*What you will do:* Copy out exactly the lines spanning the line with "Grue mobile Eriksberg" to the line with "Paleta de Colores", inclusive, from the data underneath, with no pictures.

*Supplied material:*
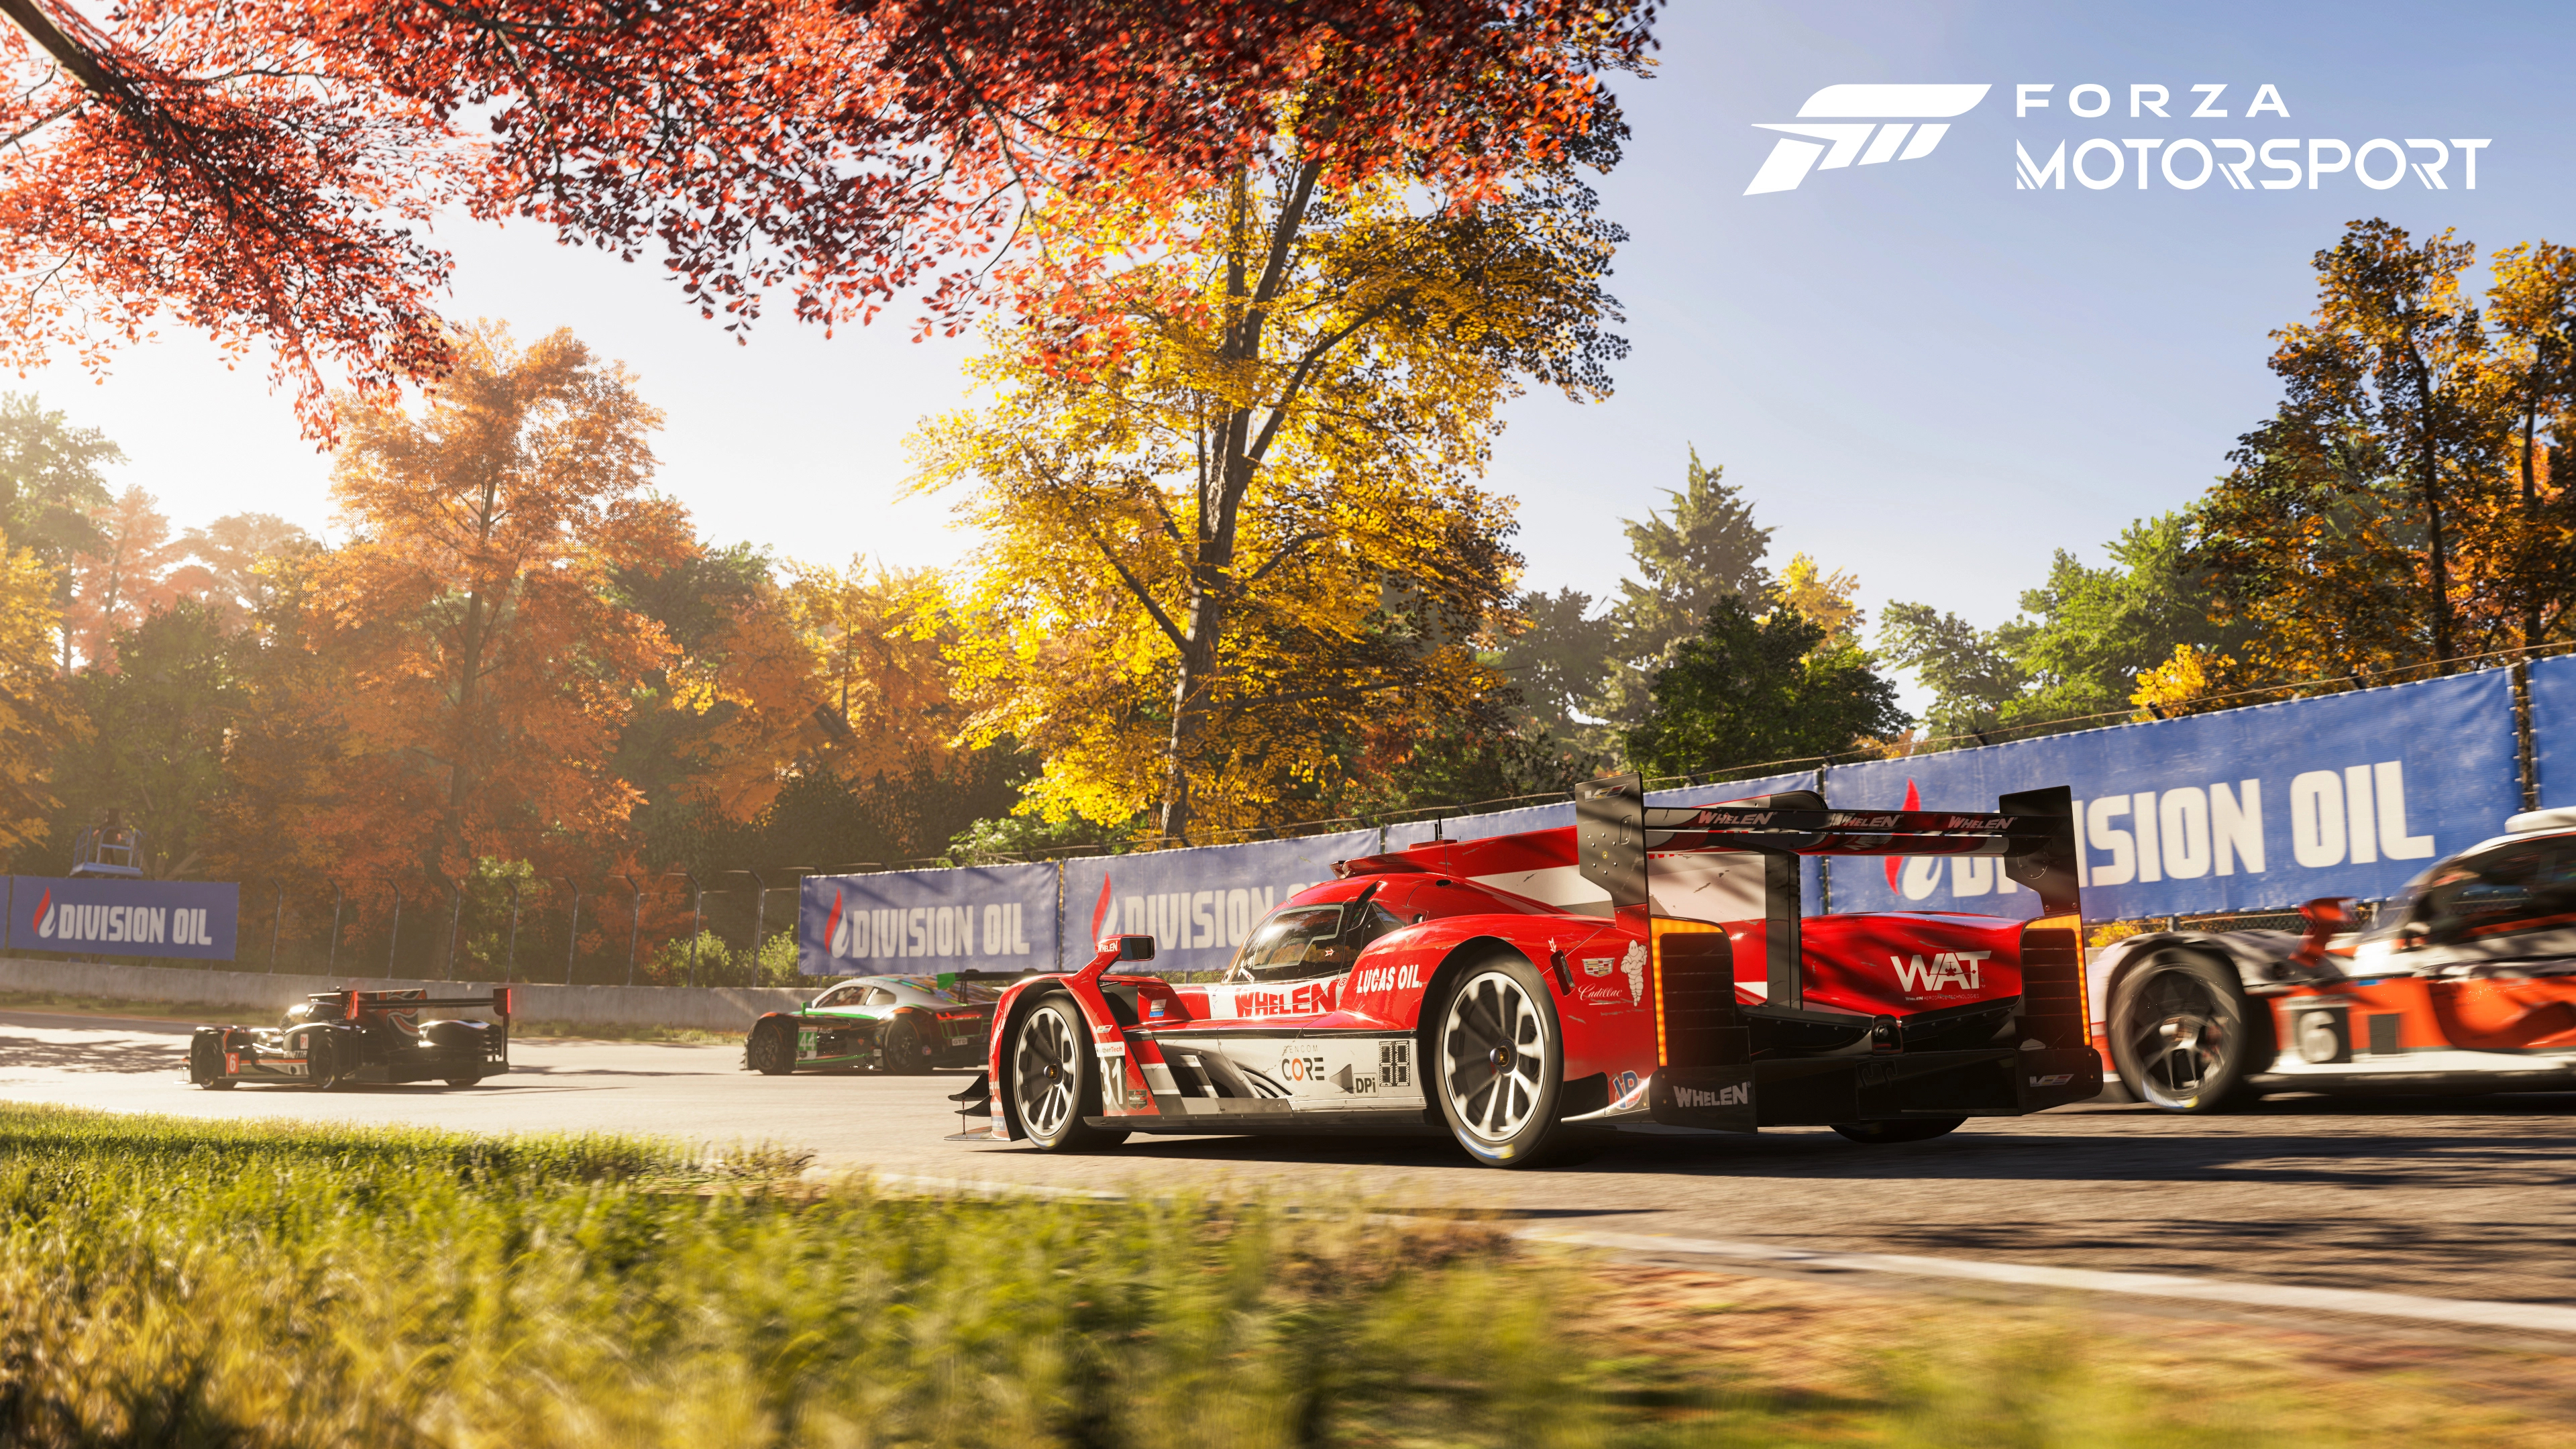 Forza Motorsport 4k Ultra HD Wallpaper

...

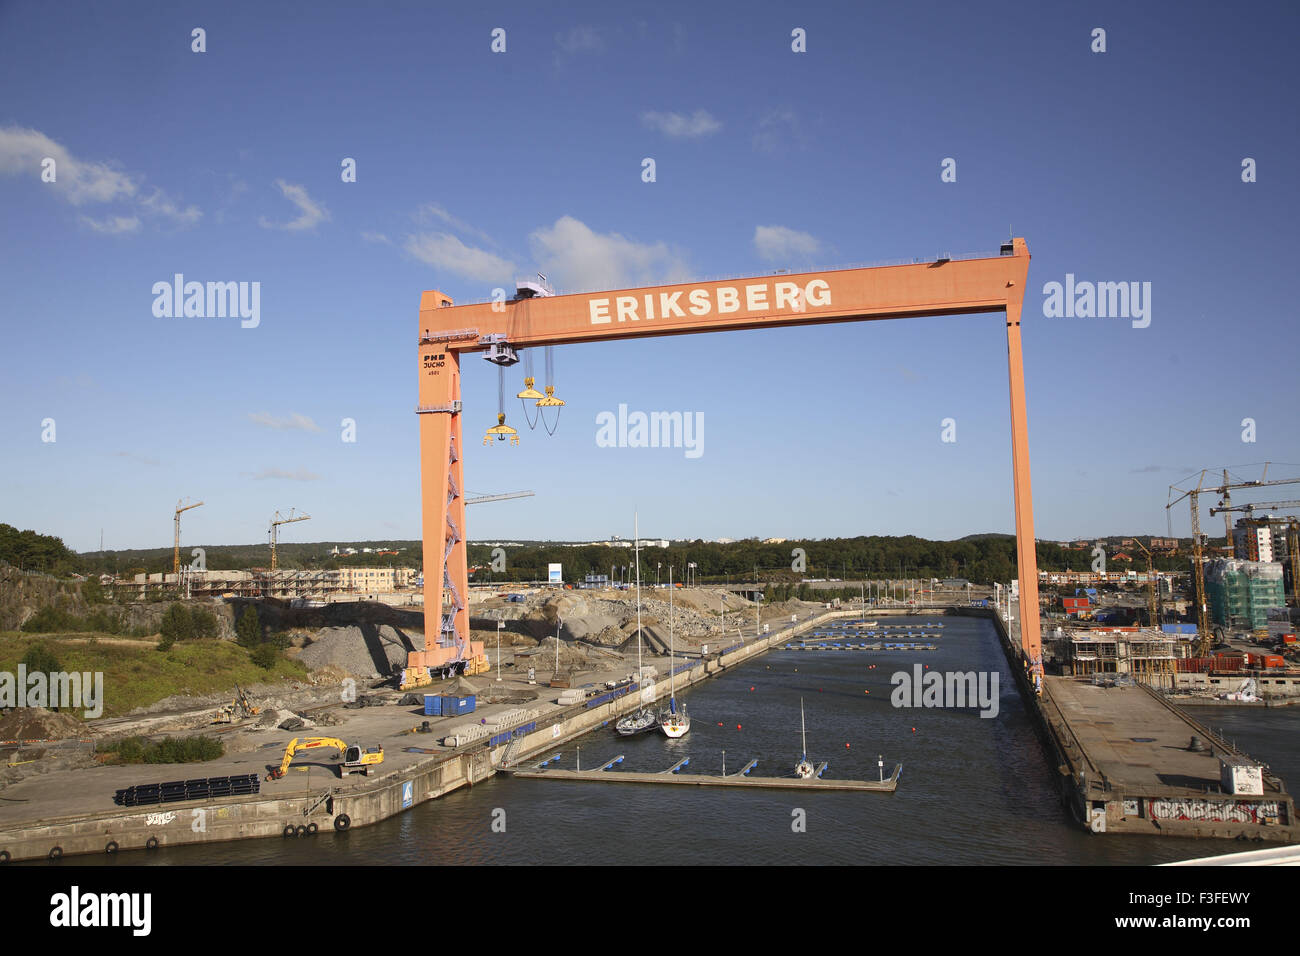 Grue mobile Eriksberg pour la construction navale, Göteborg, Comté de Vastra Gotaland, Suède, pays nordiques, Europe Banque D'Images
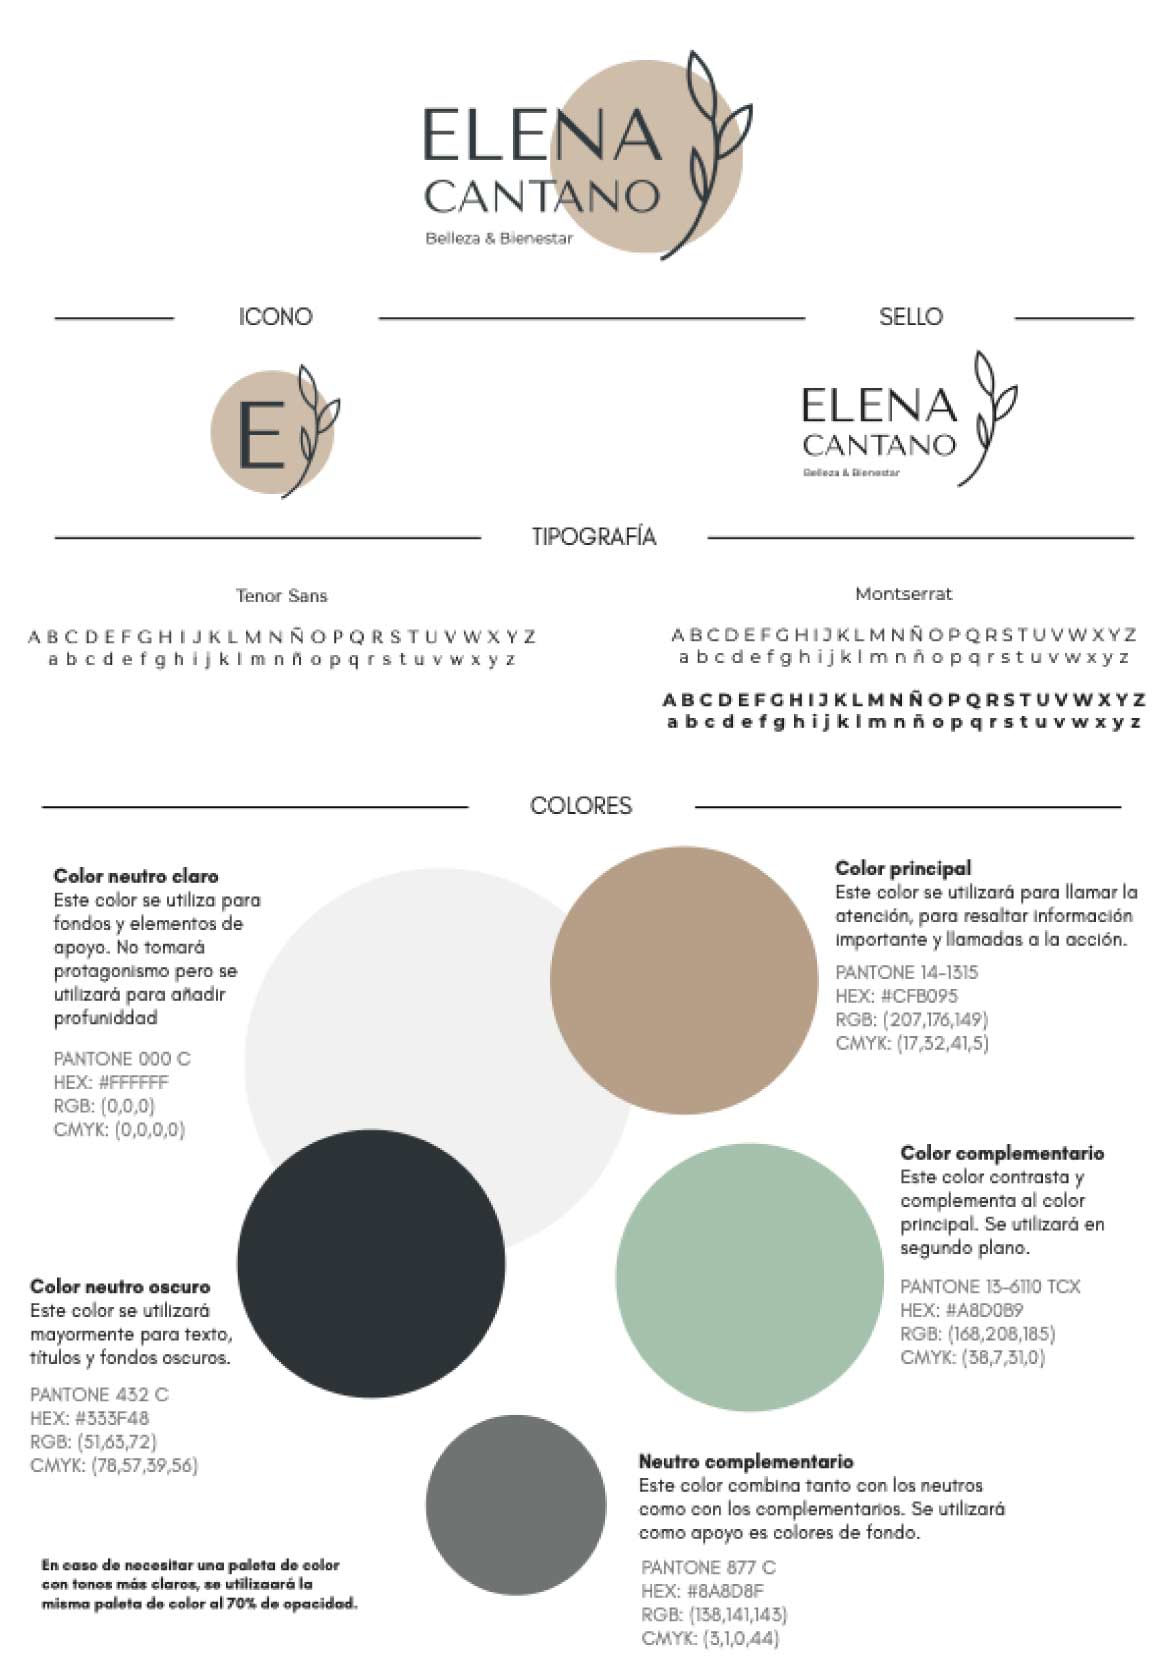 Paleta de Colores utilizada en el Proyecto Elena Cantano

*Solution to the problem:*
 Grue mobile Eriksberg pour la construction navale, Göteborg, Comté de Vastra Gotaland, Suède, pays nordiques, Europe Banque D'Images
 Paleta de Colores utilizada en el Proyecto Elena Cantano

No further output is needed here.